1. De inhoud van het beroep
De klacht, zoals neergelegd in het verzoek om bemiddeling aan de medisch adviseur van 7 maart 2008, houdt in dat klager geen adequate medische behandeling is geboden voor zijn maagklachten.

2. De standpunten van klager en de inrichtingsarts
Klager heeft zijn klacht als volgt toegelicht.
Klager is erg ziek en krijgt geen behandeling. Hij heeft puistjes over zijn hele lichaam. Omdat de medicatie voor zijn maag niet hielp, kreeg hij andere medicatie voorgeschreven, maar die hielp ook niet. Klager neemt af en toe zijn medicijnen niet in,
omdat ze toch niet werken. Hij had die medicatie bijna een jaar lang geslikt. Voor de puistjes heeft hij geen trekzalf en gaasjes gekregen. Pantazol en Seroquel zijn hem ook niet voorgeschreven. Hij heeft nog steeds maag- en huidklachten. Hij braakt
bloed en heeft dat aan de medische dienst laten zien.

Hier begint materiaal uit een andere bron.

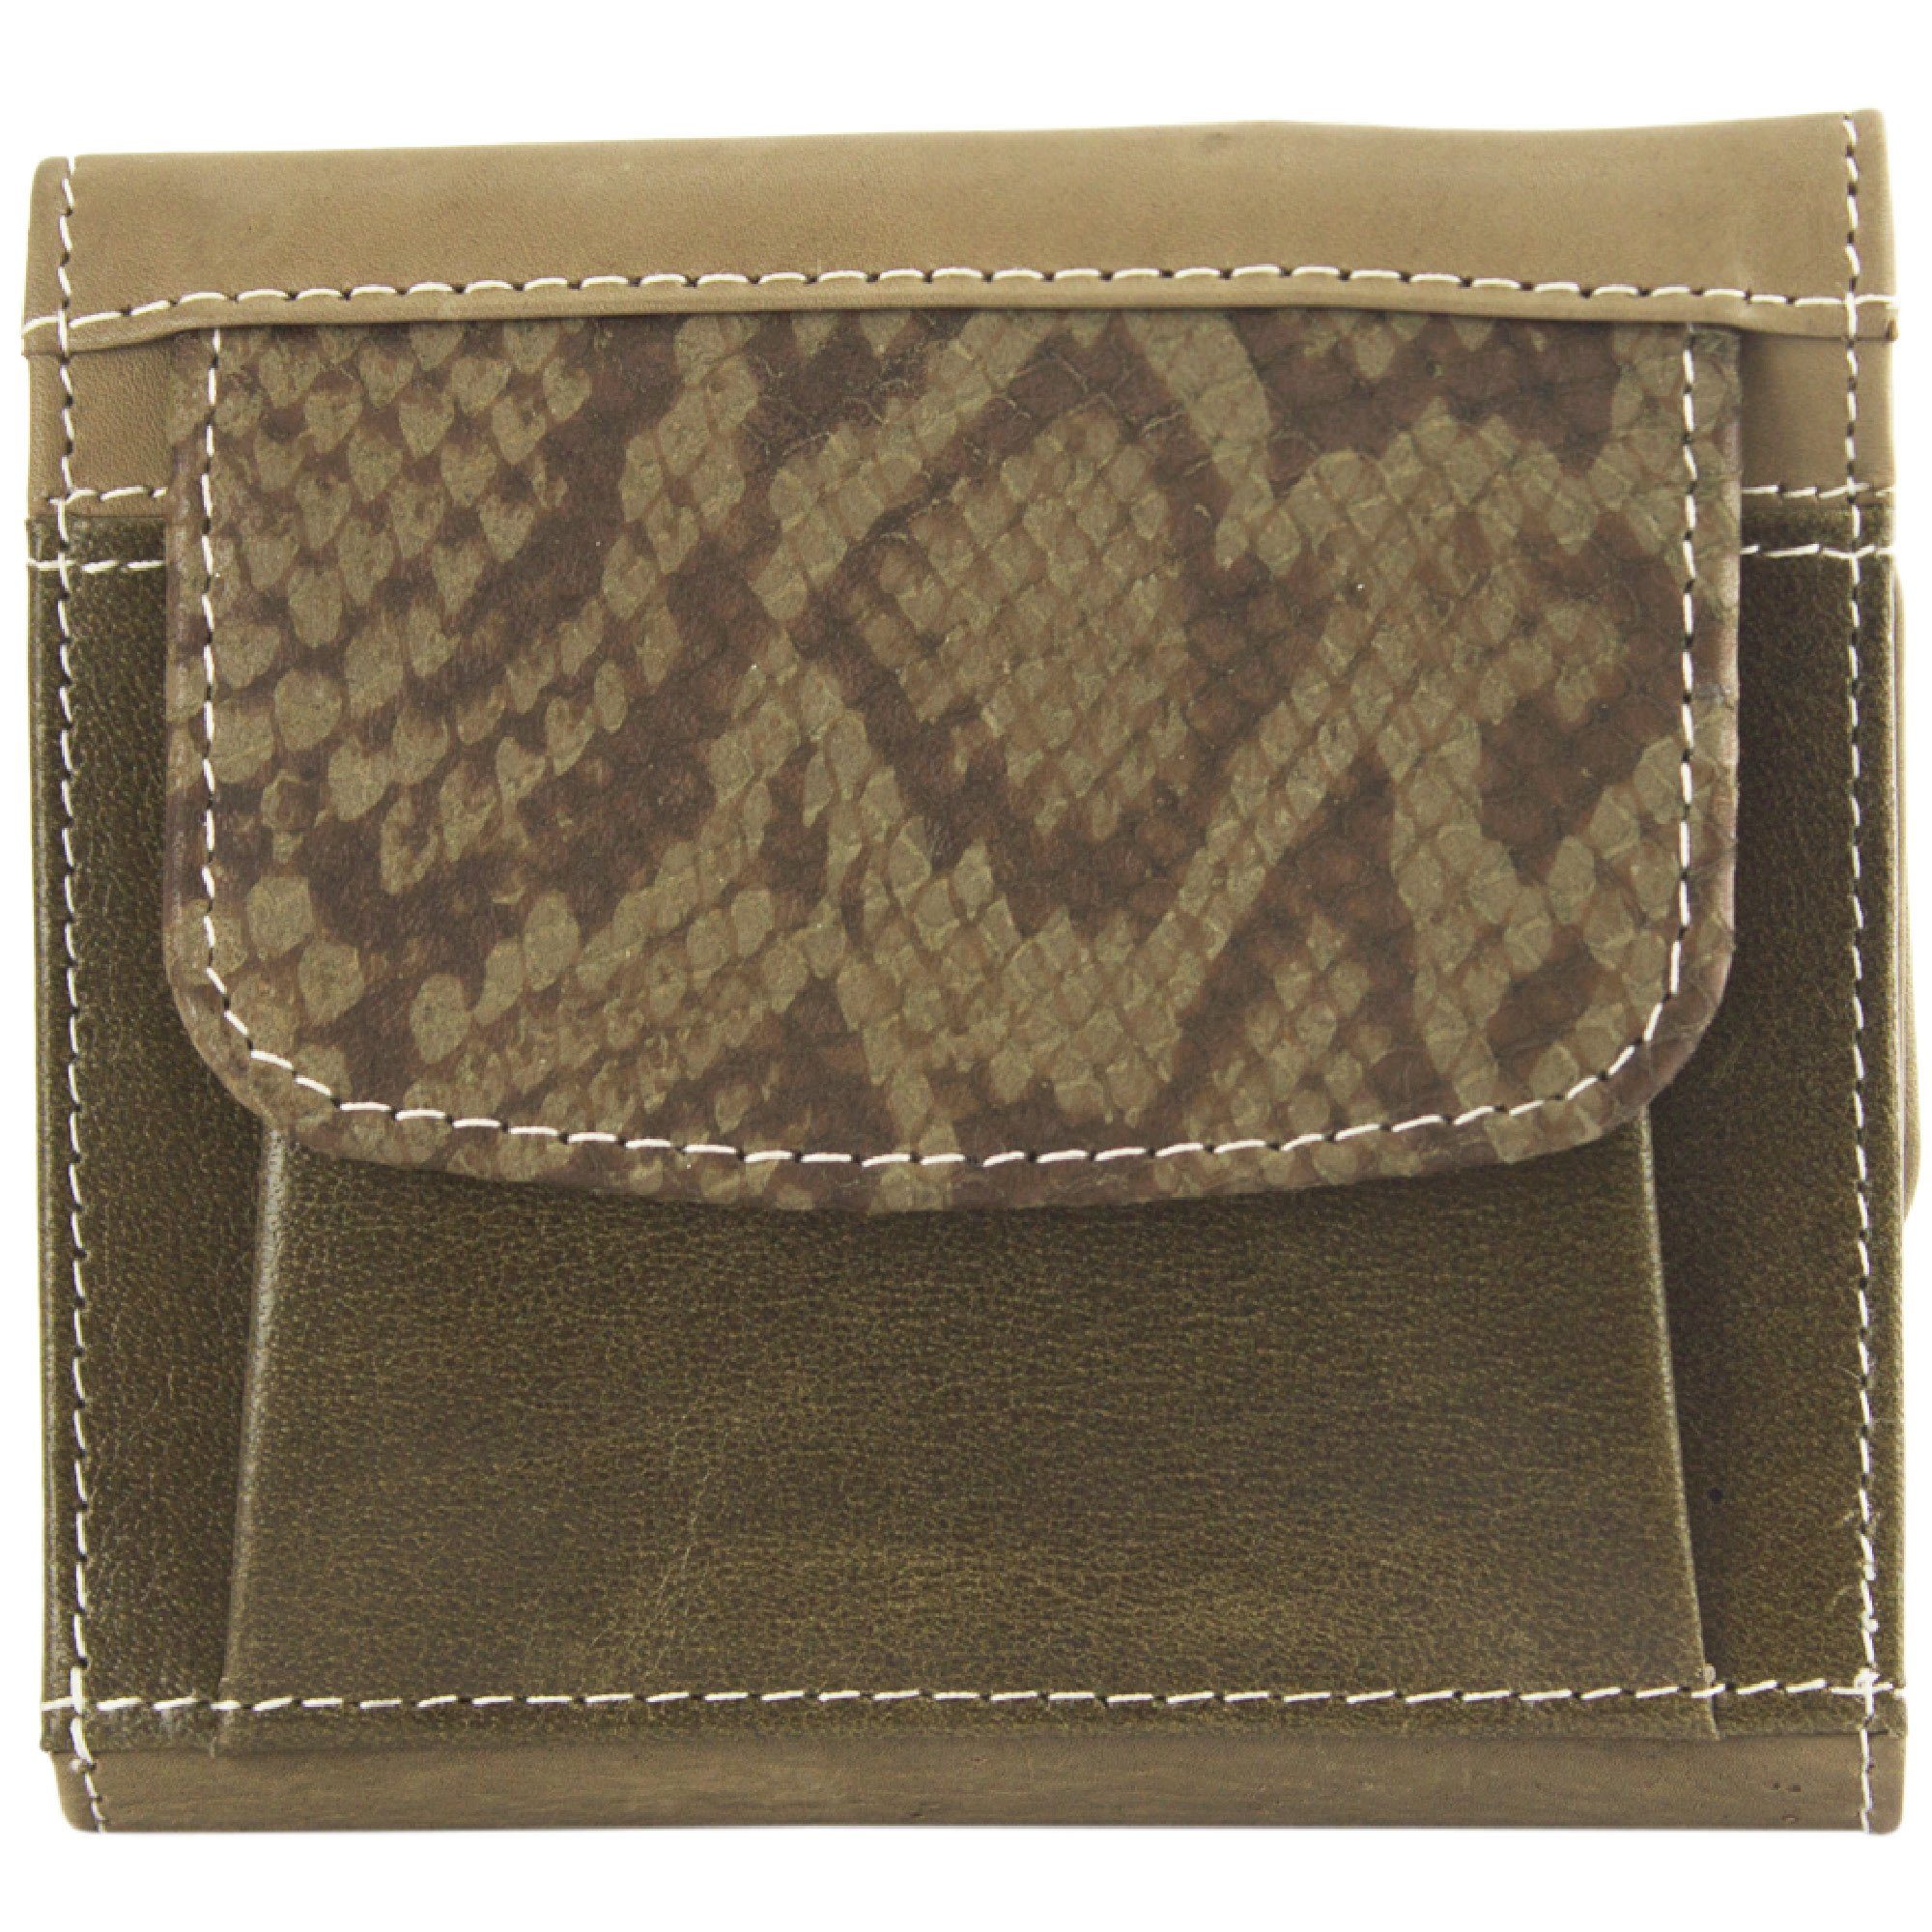 Sunsa Geldbörse echt Leder Geldbeutel Portemonnaie Brieftasche klein Damen, echt Leder, aus recycelten Lederresten, mit RFID-Schutz, Unisex dunkelbraun
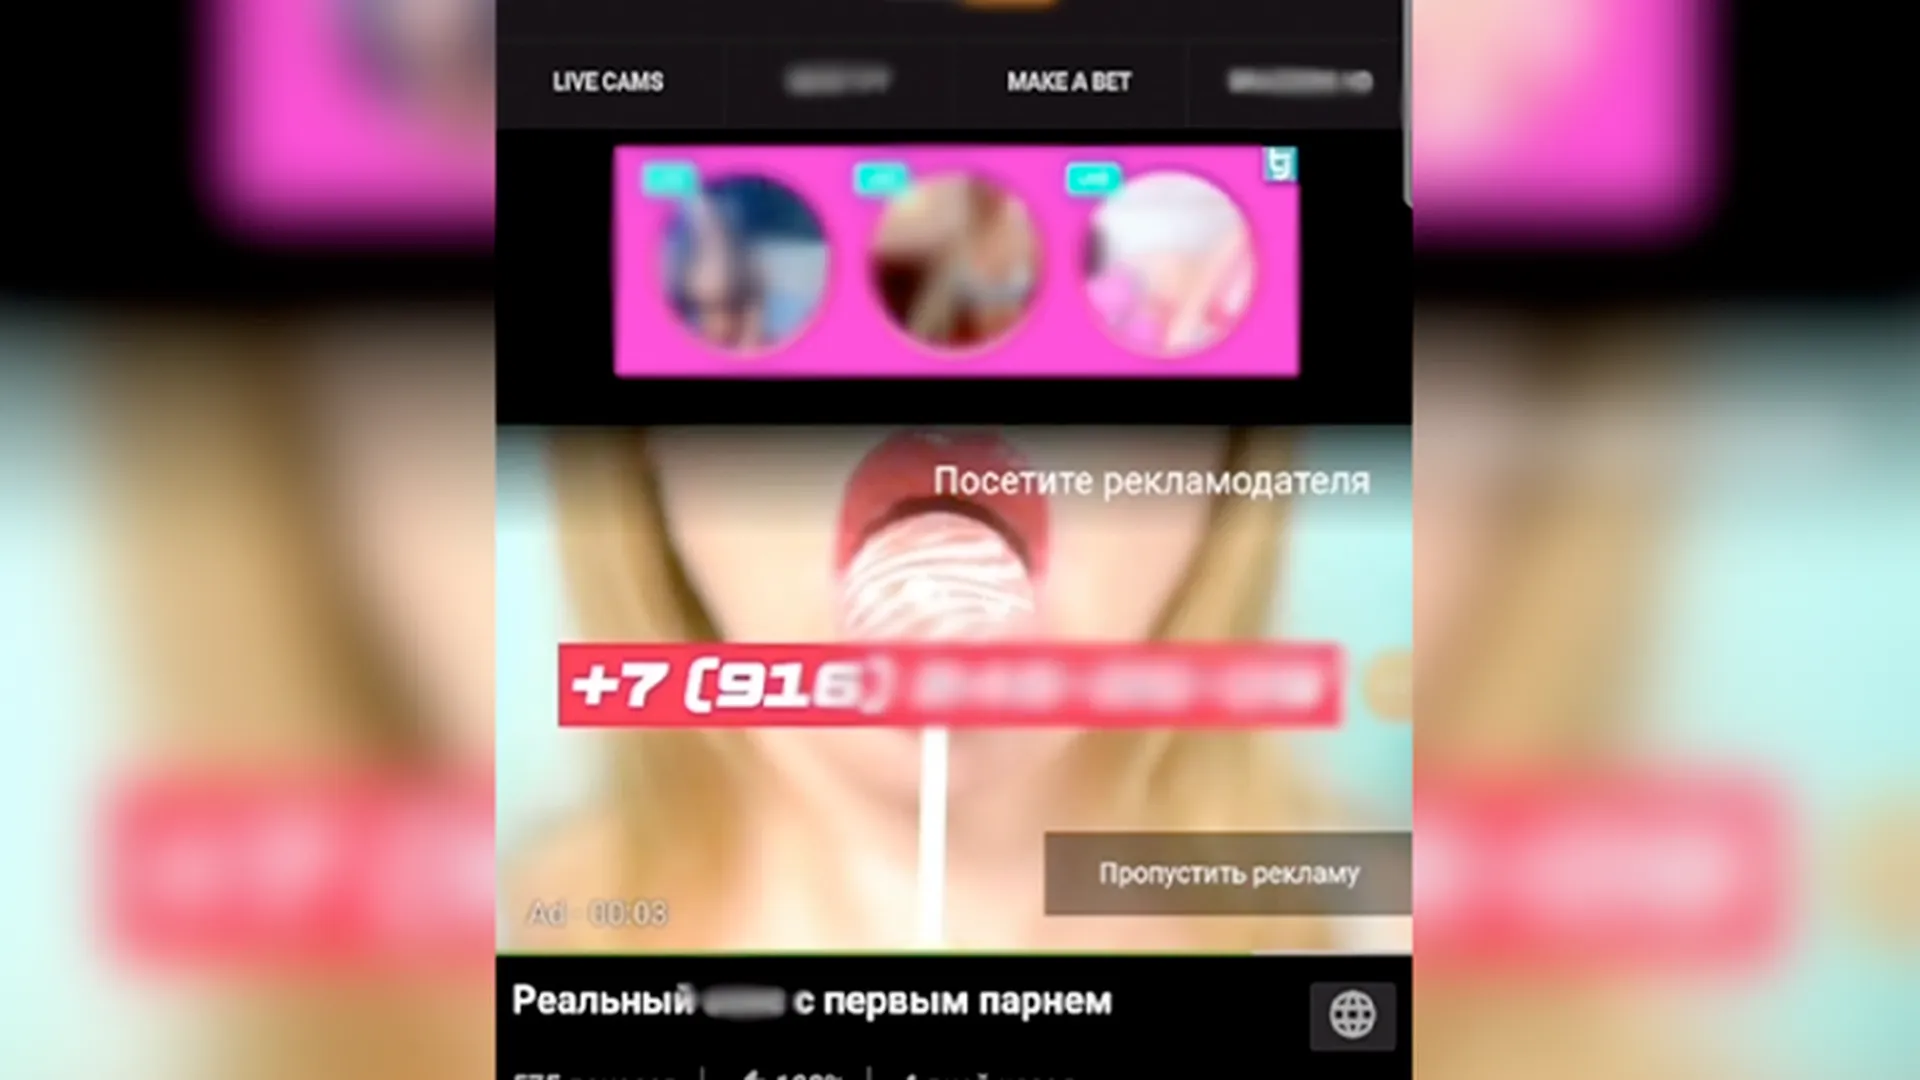 «Особенно чупа-чупс понравился»: необычная реклама ЧВК «Вагнер» появилась на Pornhub

De inrichtingsarts heeft het volgende standpunt ingenomen.
Klager heeft veel aandacht gekregen van de medische dienst. De medicatie is voorgeschreven door een MDL-arts. Klager nam de medicatie regelmatig niet in. Er was geen indicatie voor andere medicatie. De inrichtingsarts kan zich niet herinneren in welke
taal hij met klager communiceerde, maar er waren geen communicatieproblemen.
De klachten waren sterk psychogeen gekleurd. Door de medische dienst is geen echt braaksel gezien.

3. De beoordeling
De beroepscommissie overweegt dat uit de medische informatie en uit het onderzoek ter zitting niet is gebleken dat ten aanzien van klagers maagklachten niet het juiste onderzoek zou zijn verricht of hem niet de juiste medicatie zou zijn aangeboden.
Dat
klager geen baat heeft bij de medicatie zou veroorzaakt kunnen worden door het feit dat hij weinig consequent is voor wat betreft de inname van de medicatie.
De beroepscommissie is, gelet op het voorgaande, van oordeel dat het handelen door of namens de inrichtingsarts niet kan worden aangemerkt als in strijd met de in artikel 28 Pm neergelegde norm. Het beroep zal derhalve ongegrond worden verklaard.

4. De uitspraak
De beroepscommissie verklaart het beroep ongegrond.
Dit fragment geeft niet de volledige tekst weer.